Monday, October 12, 2009

Market Commentary for the week of October 12, 2009

Let’s get real.
Now that we’ve gotten the fourth quarter starting date out of the way, let’s begin to focus upon more significant data such as earnings, demand, unit volume increases/decreases, and trading patterns.

Just off the top of your head, knowing what you do about your home savings, your job, your neighbors, the neighborhood …would you buy a retail store stock? How about a bank stock?

You might if you’re a “bottom-fisher.” Or maybe a day-trader, or perhaps, even, an altruist who believes they’ll “come around again.”

Would you buy an electric utility, or an energy company?

Or course, your answer depends as much upon methodology as psychology.

Play the trend.
I believe in long-term secular (generational) trends as the ultimate arbiter of portfolio allocation processes.

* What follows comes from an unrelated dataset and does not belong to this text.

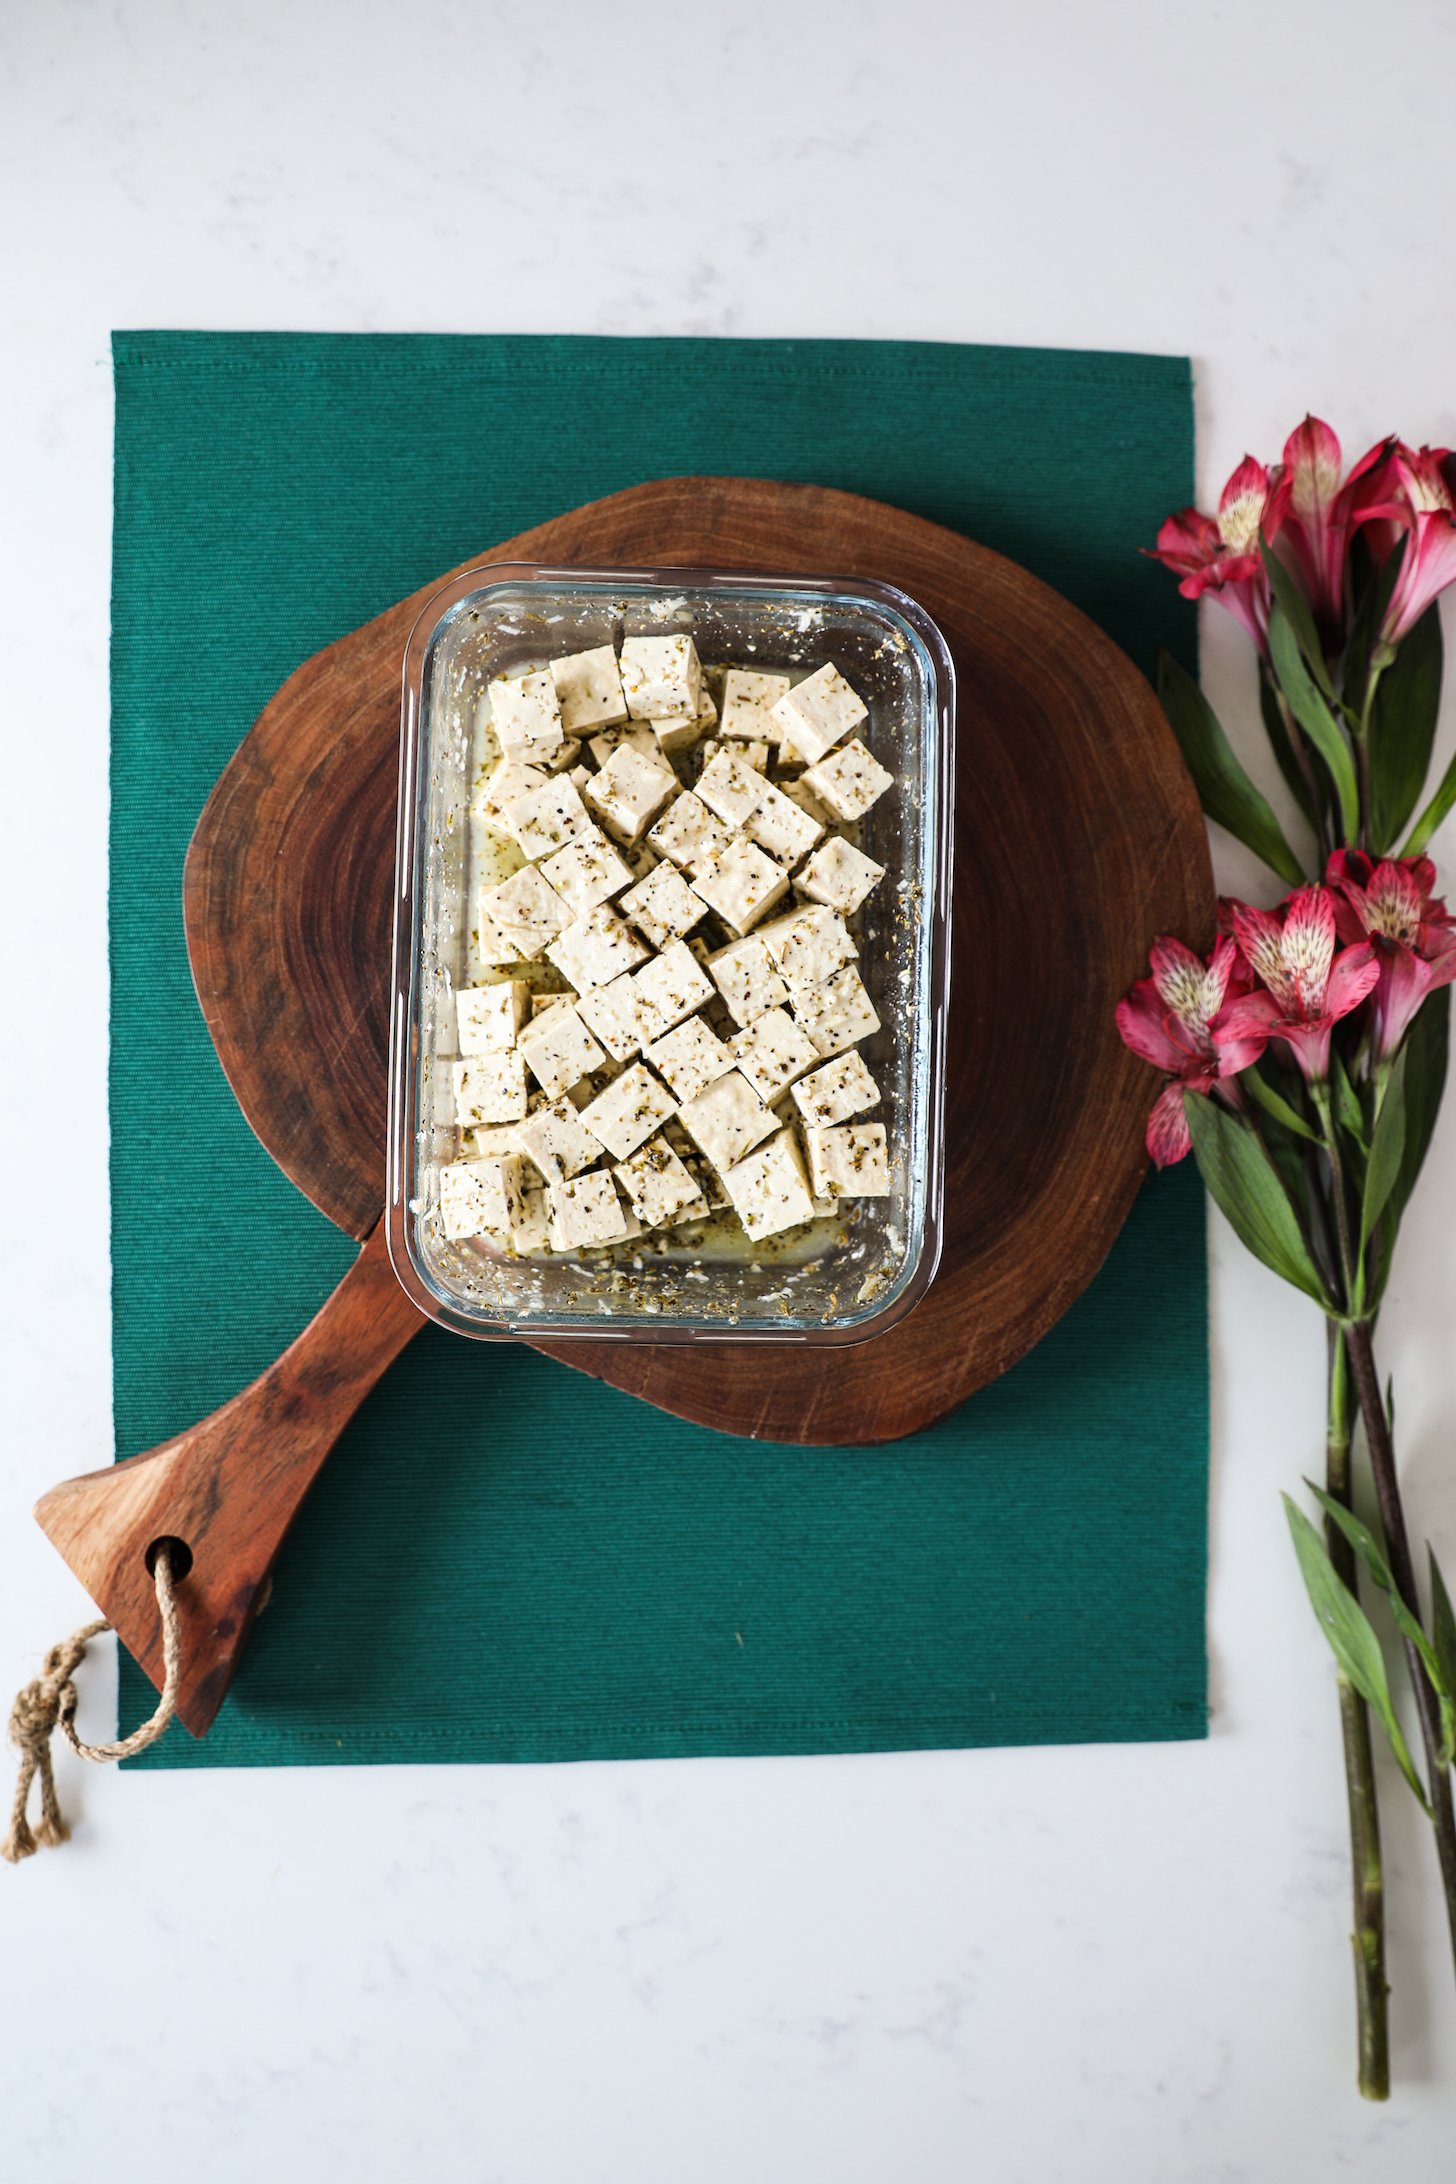 Top view of a container with marinated cubes of tofu with flower stems nearby.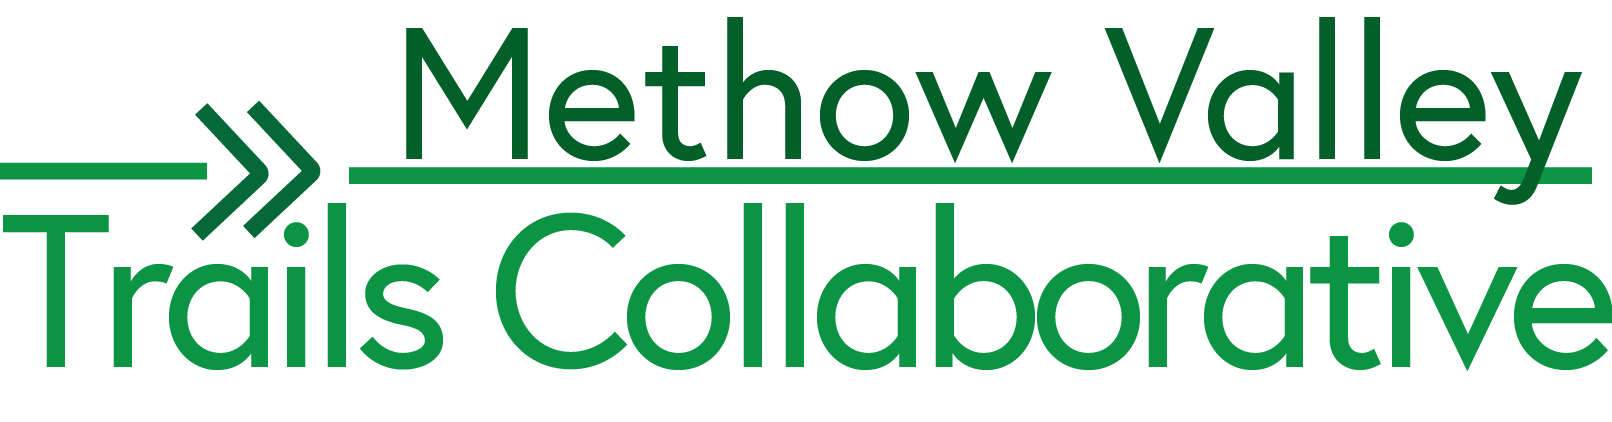 Methow Valley Trails Collaborative logo

To be fair, I enjoy trading for high powered (or any) short-term capital gains, too. Using cyclic phase methodology only to determine long term patterns limits the scope of my own tools which calibrate location and momentum of financial instruments on any scale, daily, monthly, annually.

But betting against the trend is not my choice. Short term or long, I believe trading patterns and their intricate inflection points, up or down, are a useful tool in mitigating betting by hunch or inference, without any corroborating science.

I feel comfortable, for example, that research in alternative energy sourcing, production and delivery is a secular theme that will yield portfolio profits in this decade. No one needs to scream at me to make me see the potential for return in this sector. Efficient new uses, as well as consumption patterns globally, are more than enough incentive for overweighting these themes.

The theme resonates, as well, into utility stocks and industrial infrastructure. Energy grids, and mass production of new automobiles, occupies a significant content in these metrics. The vastness of possibilities and potentially new alternatives makes you wonder why anyone after the next three decades might buy oil at all?

Technology shares, metals, research and development complement the arc of due diligence.

Infinite choice.
If these sectors resonate from one topic, such as energy, think of the myriad of concentric circles one might envision within their investment portfolio tackling issues like food, water, ecology, national defense, housing?

The fourth quarter (2009) not only opens up a new chronology for our portfolios, but unveils a new era of discussion for portfolio management, methodology, asset allocation, and coffee-table conversation.